======== Record set
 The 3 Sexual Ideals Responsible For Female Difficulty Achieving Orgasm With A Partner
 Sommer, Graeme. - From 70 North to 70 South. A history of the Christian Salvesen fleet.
================
======== Record set
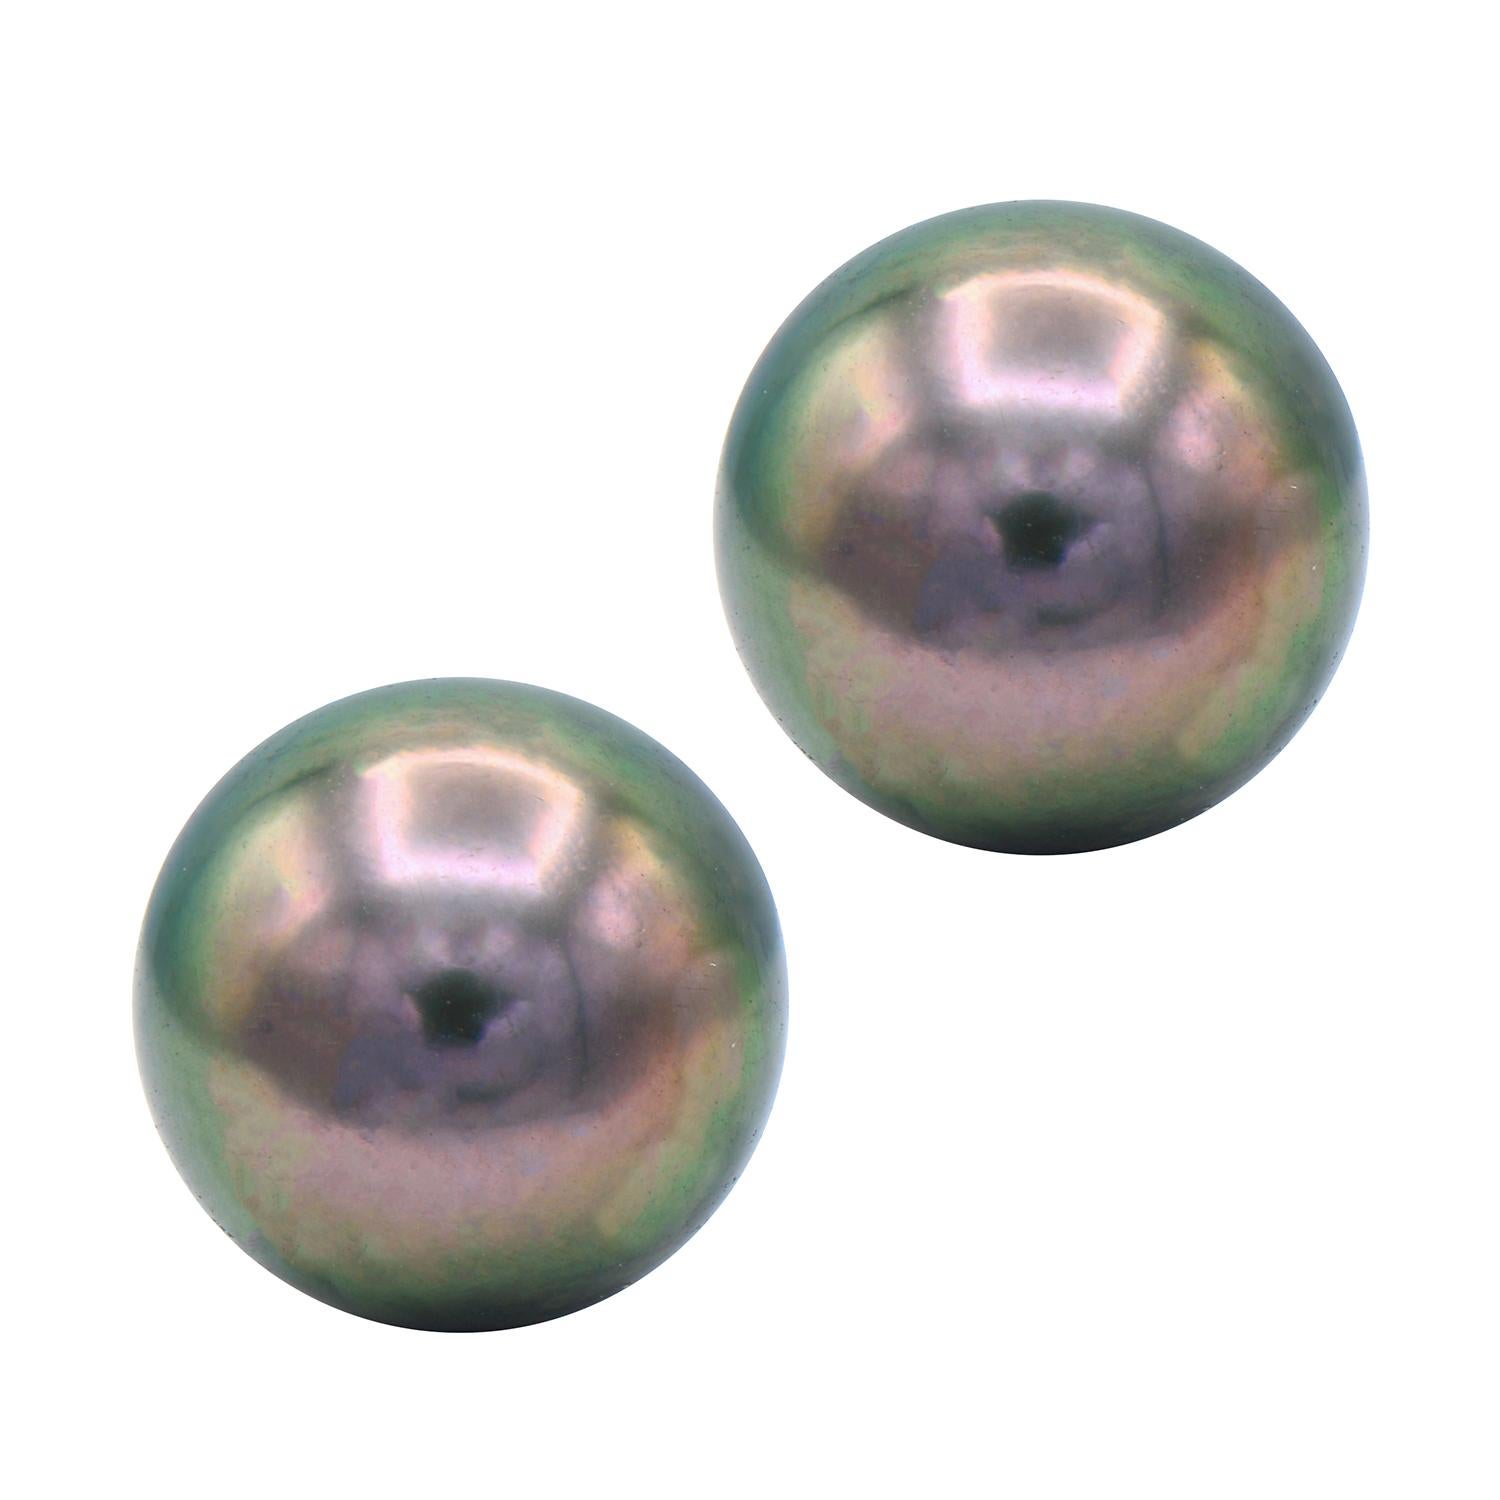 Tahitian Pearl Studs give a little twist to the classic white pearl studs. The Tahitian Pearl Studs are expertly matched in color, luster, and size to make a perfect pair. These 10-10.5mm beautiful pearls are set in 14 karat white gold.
================
======== Record set
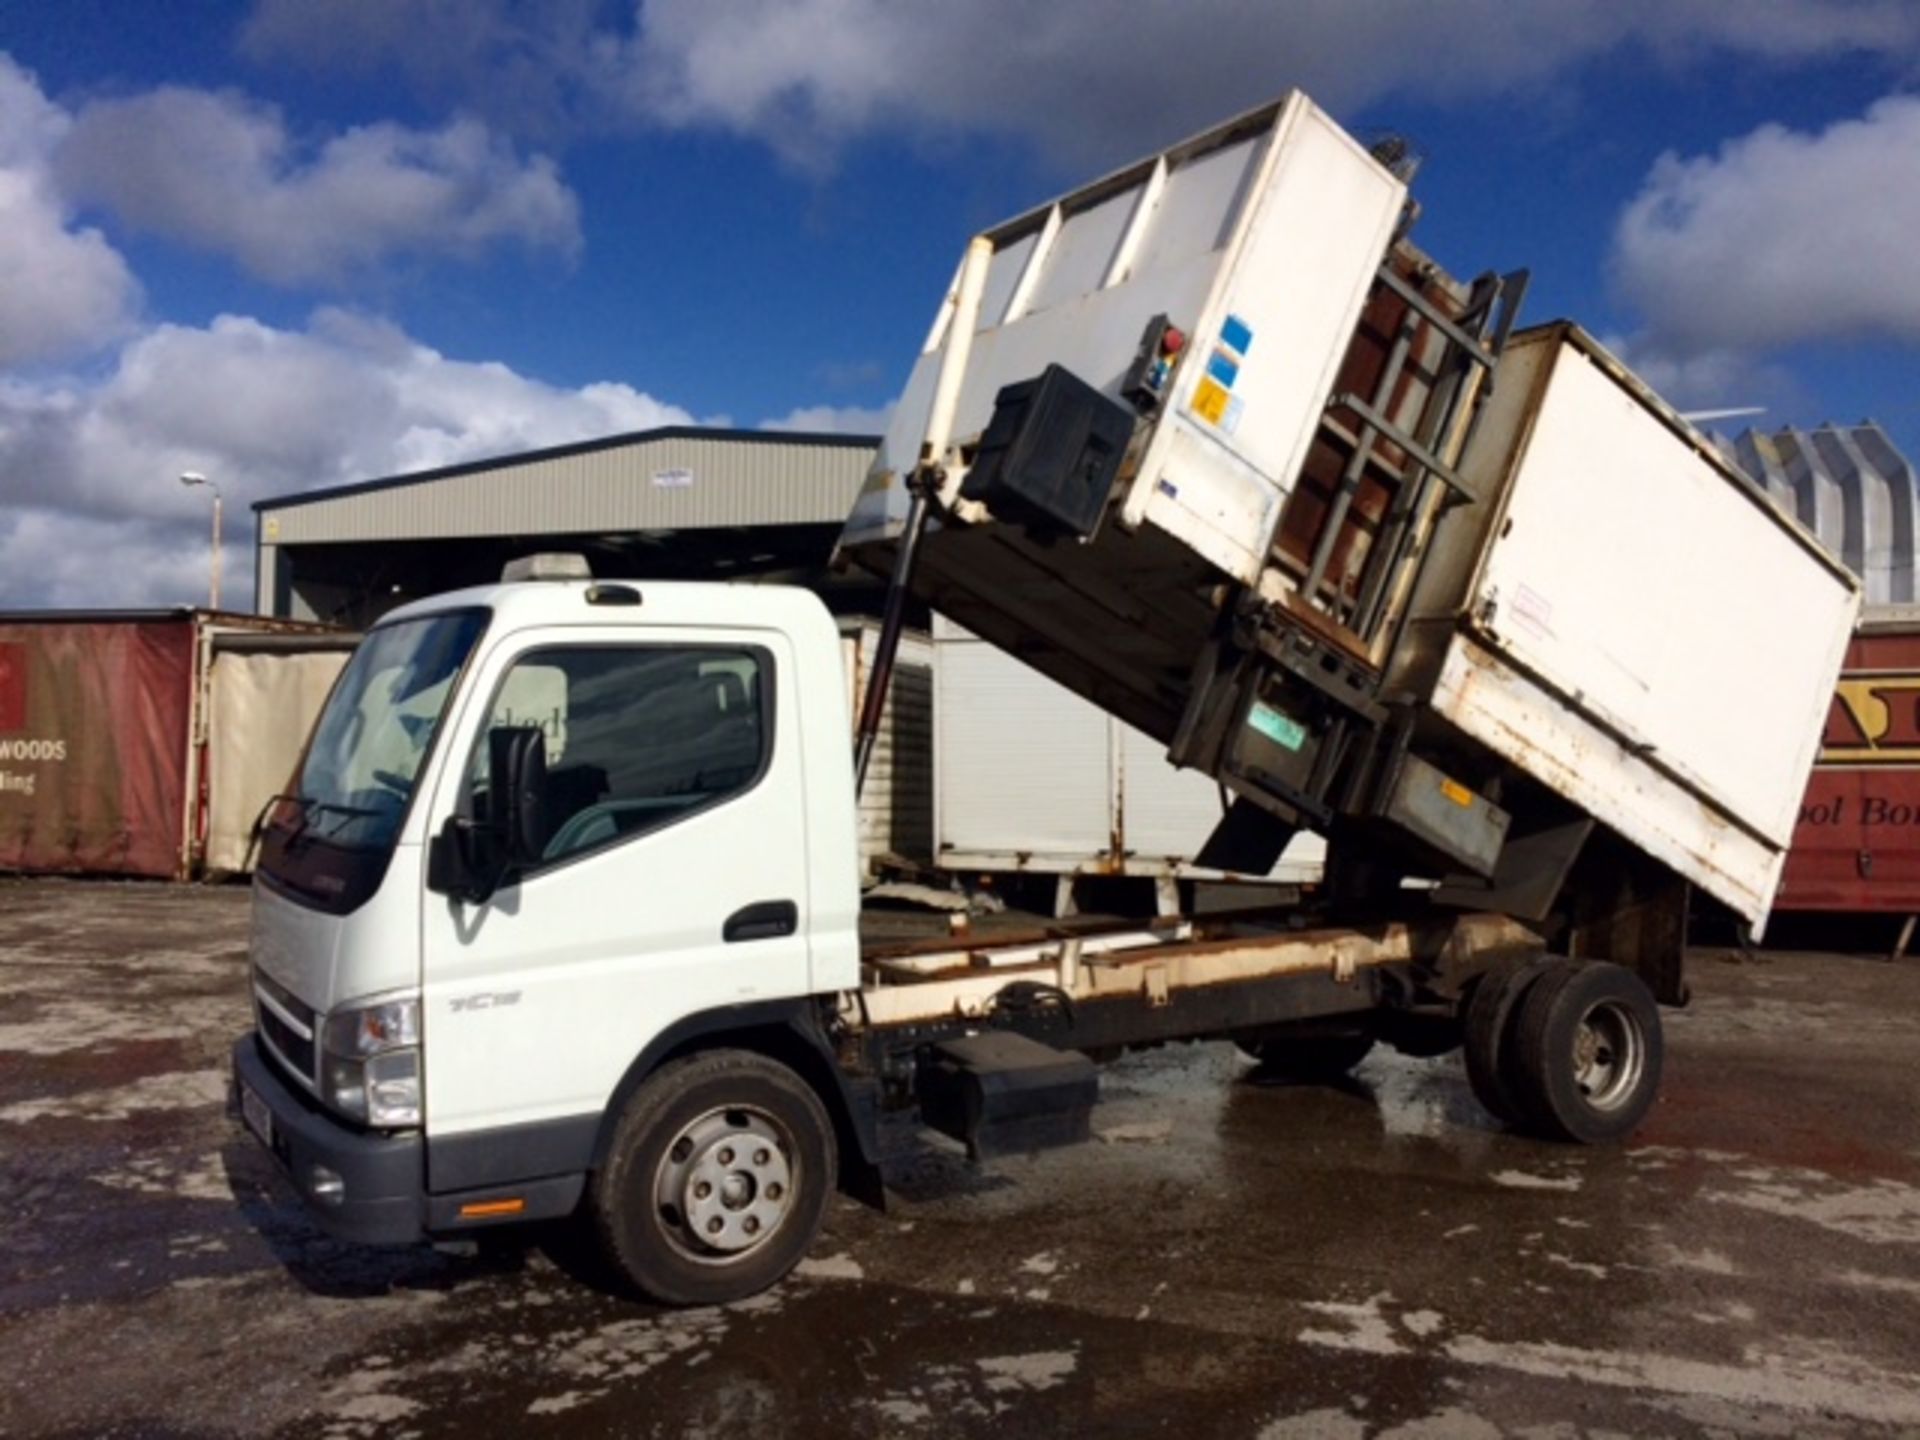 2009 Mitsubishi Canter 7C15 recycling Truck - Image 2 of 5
================
Above are some records; copy exactly the lines from the one with "The 3 Sexual" through the one with "Sommer, Graeme. - From", both included, and no others.

 The 3 Sexual Ideals Responsible For Female Difficulty Achieving Orgasm With A Partner
 Sommer, Graeme. - From 70 North to 70 South. A history of the Christian Salvesen fleet.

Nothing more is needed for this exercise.